Problem to work on:
Transcribe exactly, and only, the lines that fall between the line containing "Canon EOS R10" and the last line of the material, both ends included, omitting any pictures.

Given information:

------------------------------------------------------------------------

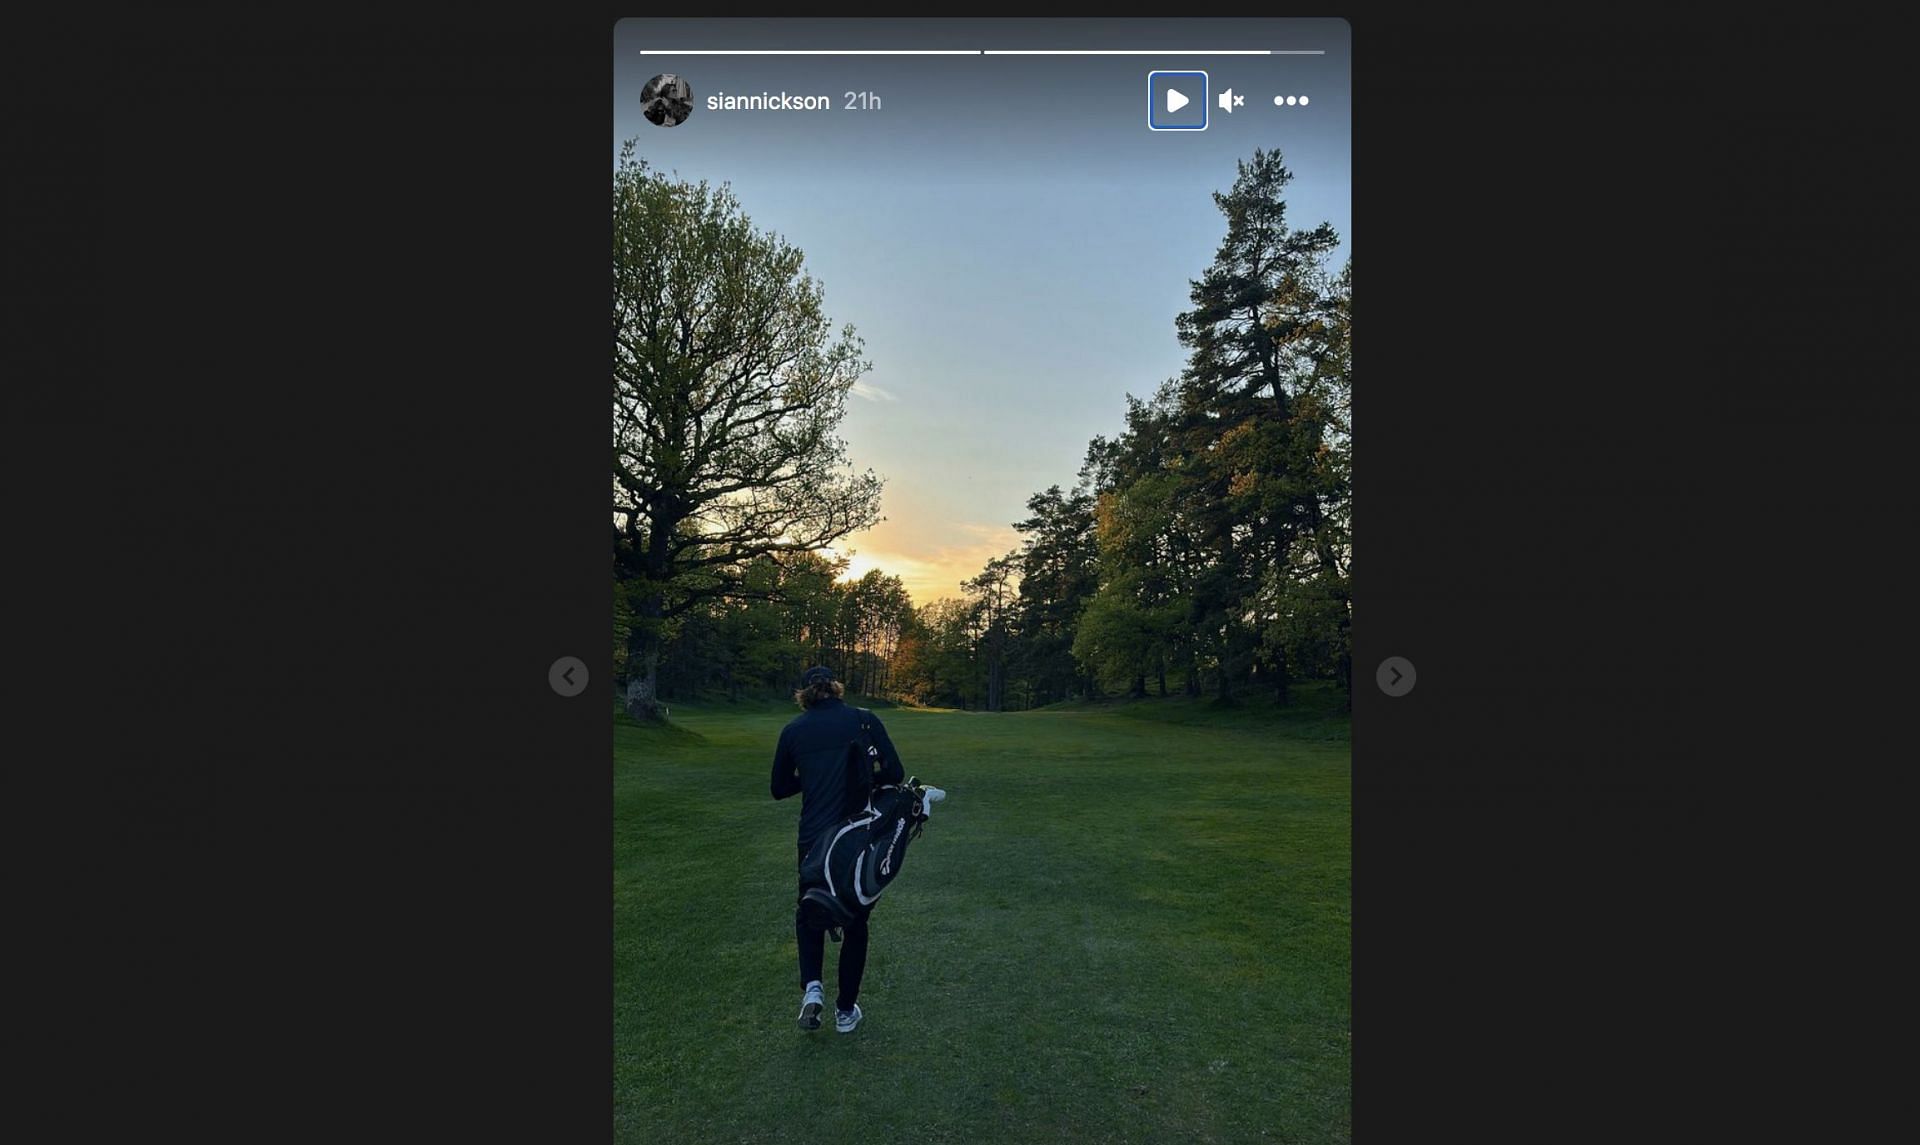 IN PHOTOS: Adrian Kempe golfing in the offseason with girlfriend
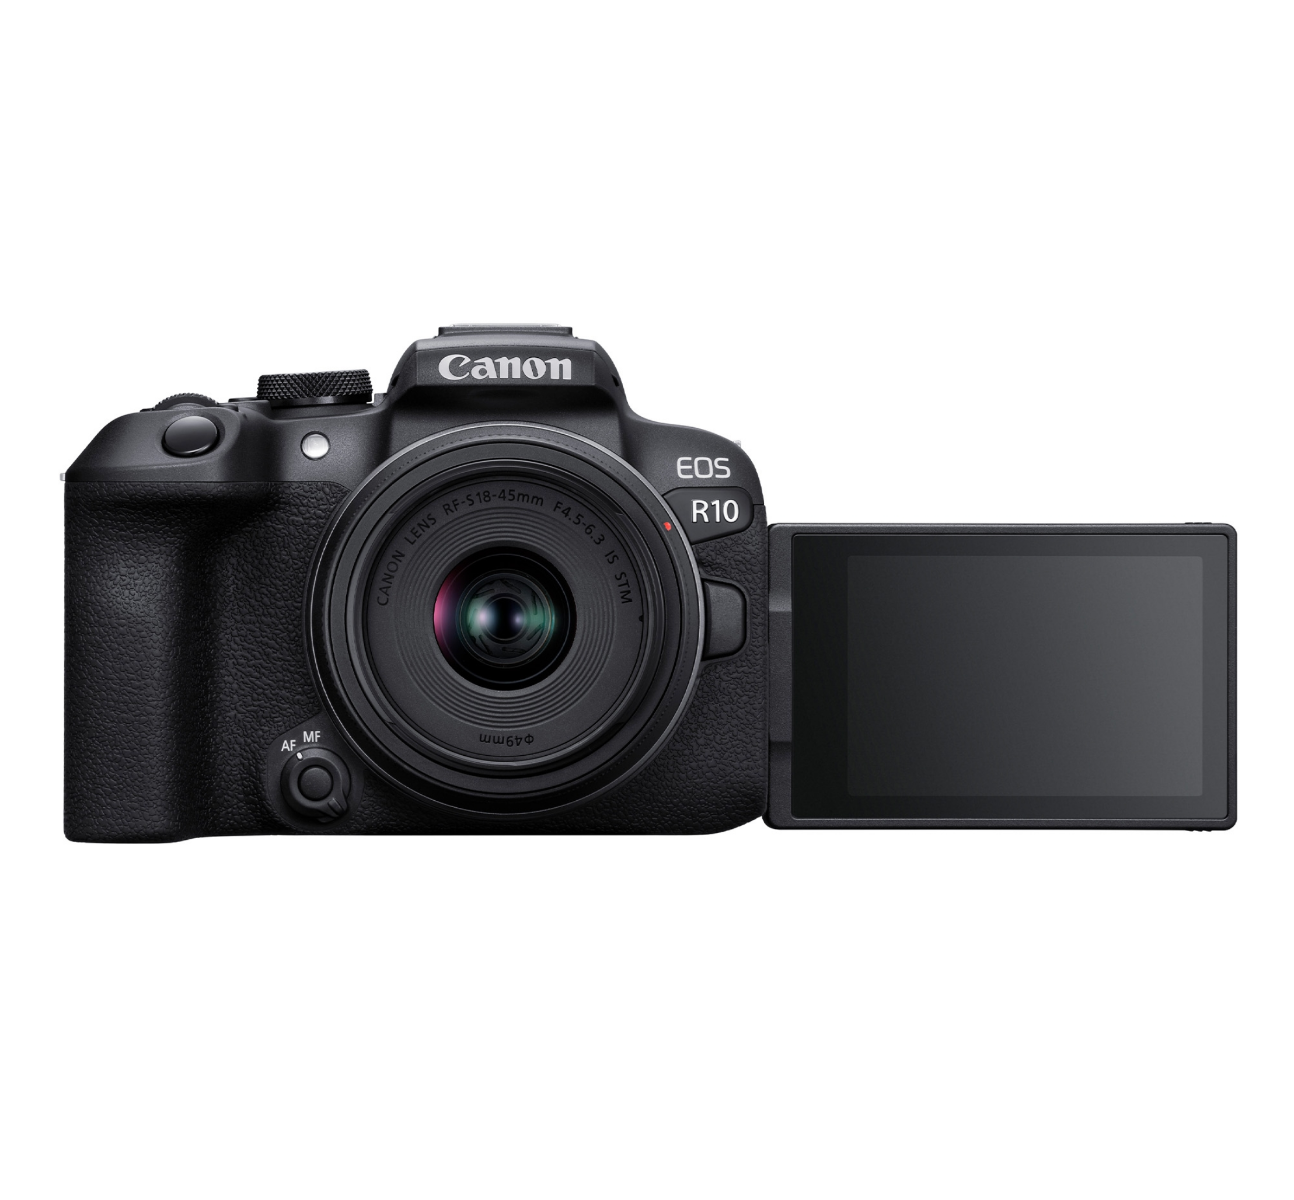 Canon EOS R10 Mirrorless Camera + RF-S 18-45mm lens Kit - Product photo 2 - Front view of the camera with the screen extended to it's full position
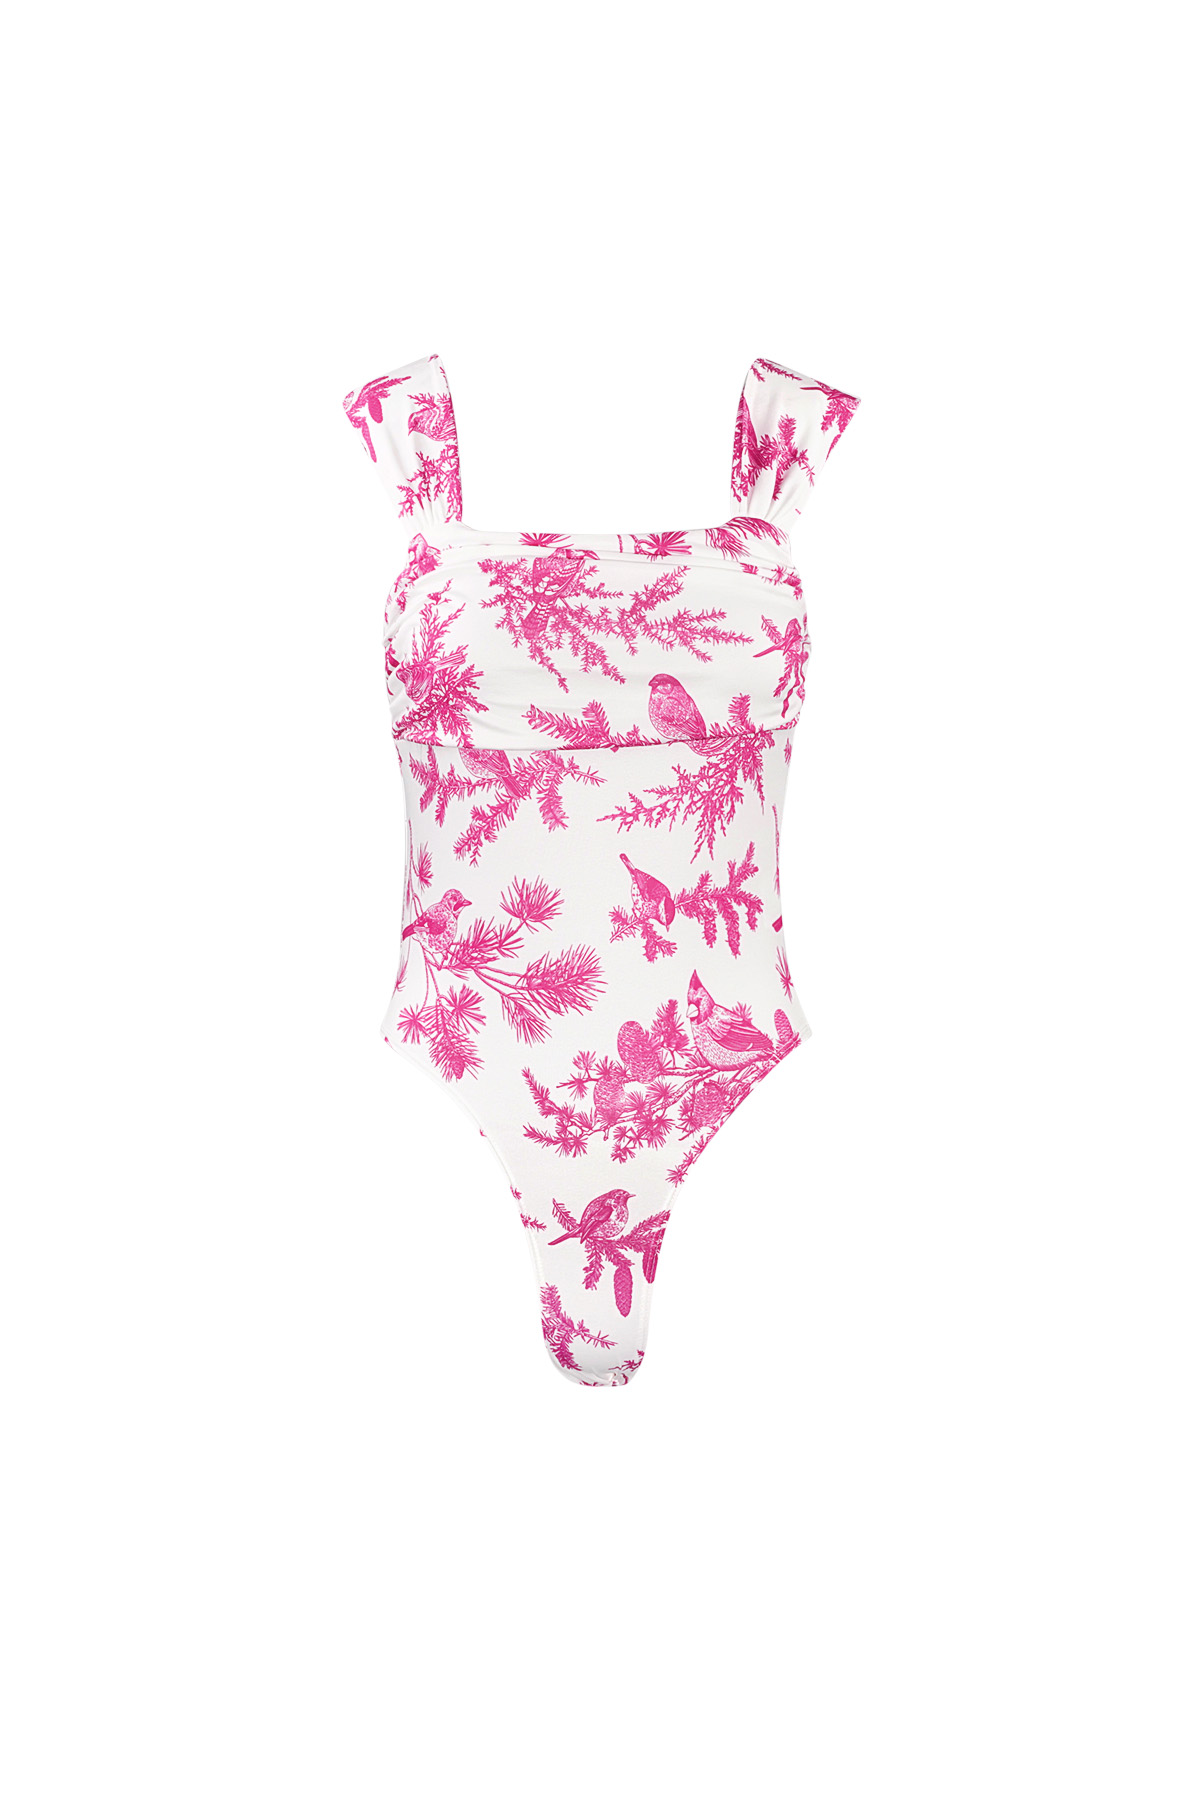 Flowery colorful body - pink

------------------------------------------------------------------------

Exercise response:
 Canon EOS R10 Mirrorless Camera + RF-S 18-45mm lens Kit - Product photo 2 - Front view of the camera with the screen extended to it's full position
 Flowery colorful body - pink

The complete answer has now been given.